The fins of a fish are often strengthened by embedded rays, and therefore
possess anisotropic flexibility. Tendons and muscles attached to these rays
allow the fish to actively control the motion and deformation of its fins. This
design greatly enhances the efficiency of fish locomotion. We
concentrate on numerical characterization of the structure versus function of
these bio-structures. The eventual application will be bio-inspired propulsion
systems.
Since there is more wind over seas than on land, water based wind turbines
potentially could offer a large source of renewable energy. Present day water
based turbines have only been designed for water depths less than 30 meters using
boring techniques. We research the possibility of creating a floating
water based wind turbine that could extend the reach of the wind power field to
deeper seas. The plan we analyze consists of a floating turbine with cable supports.
Red blood cells (RBC) carry oxygen to the entire human body. The ability to do this requires
extreme flexibility to squeeze through small capillaries. The blood cell does this through
its very unique biconcave shape. We create a three level model of the
RBC membrane in order to study how this important cell's structural properties enable
it's high functionality.
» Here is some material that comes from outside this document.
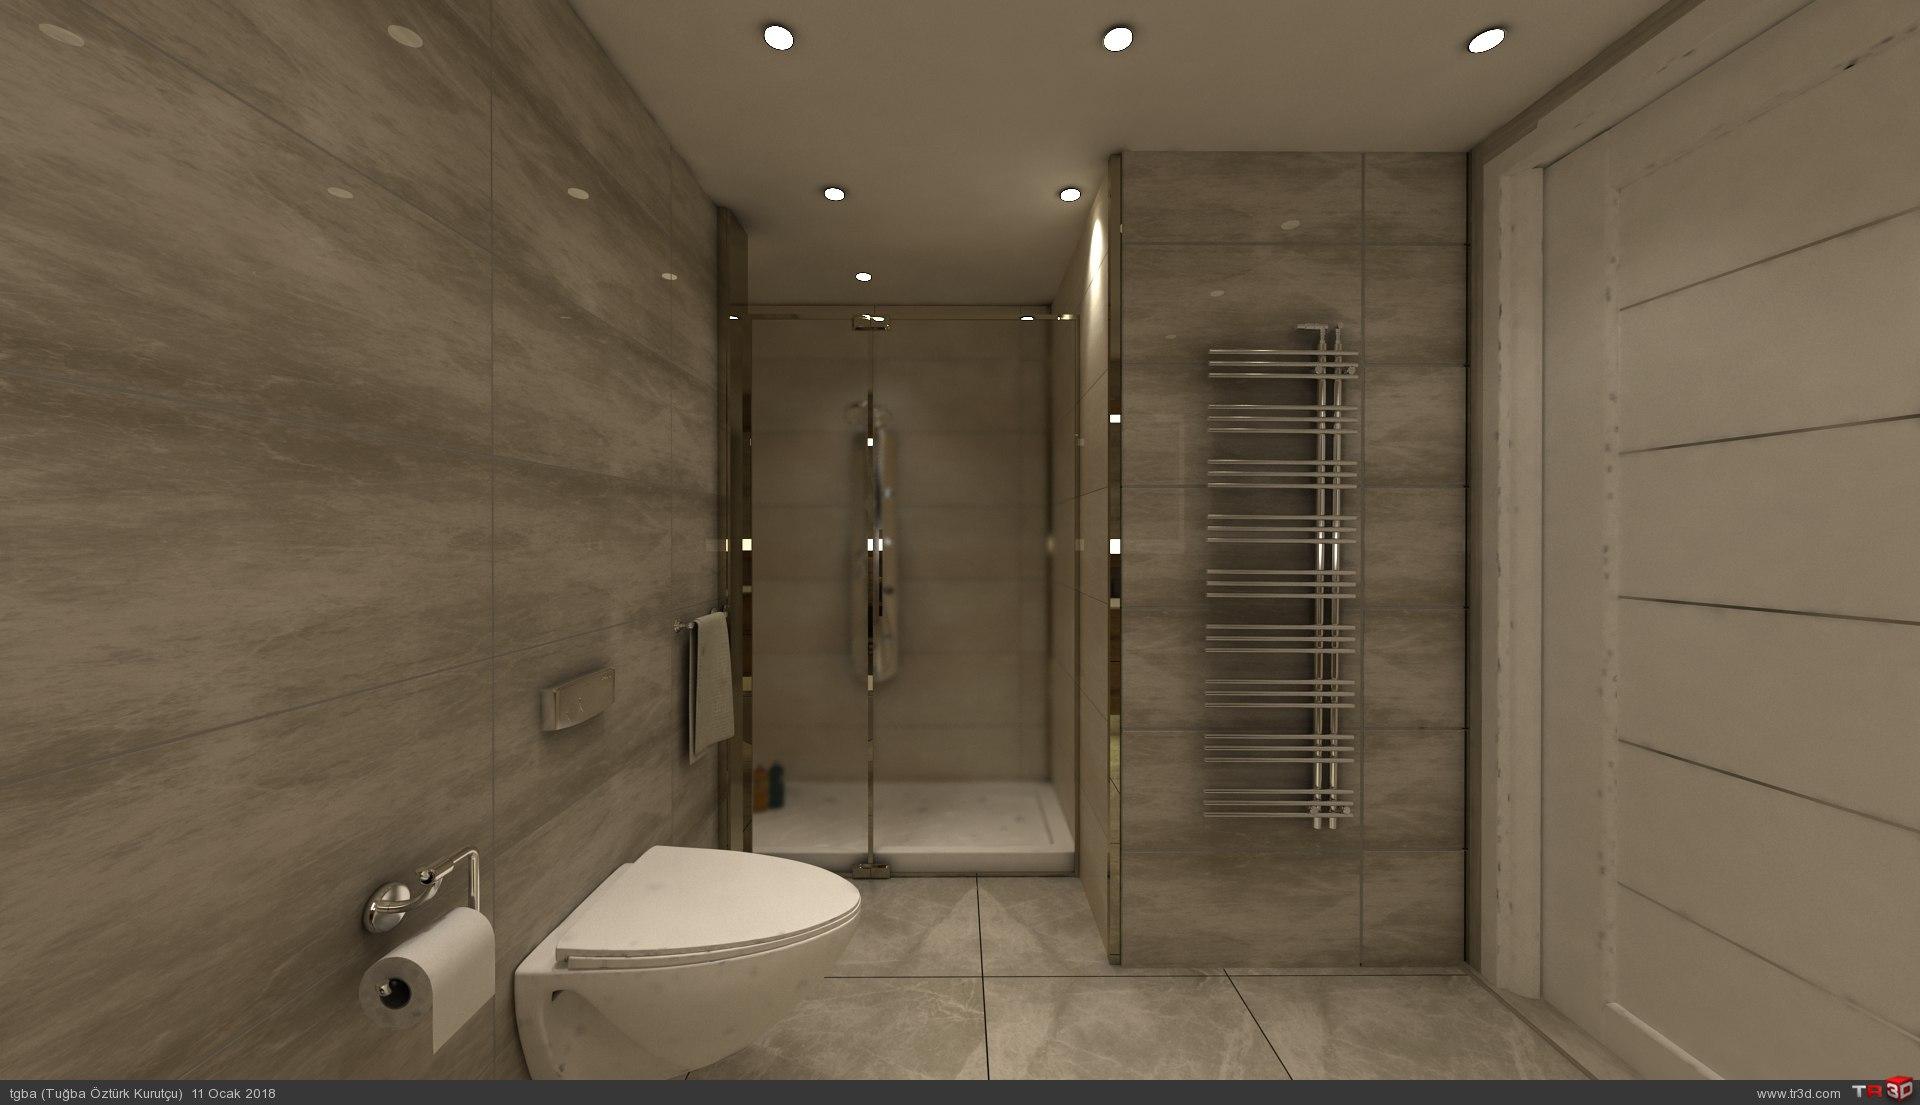 Banyo/bathroom Sade 3

We also looking into the possibility of applying these
discoveries into helping diseases such as Spherocytosis.
Traditional energy harvesting methods use turbine-based devices with rotating blades.
These designs may lead to structural weakness and environmental concerns. We analyze the
harvesting capabilities of a flapping foil flow energy harvester. First we analyze the
possibility/efficiency of creating a mode-activated system which generates energy from modal
fluctuations of the water flow. Then building off that we analyze the possibility of a
completely passive system which uses random flows to generate energy.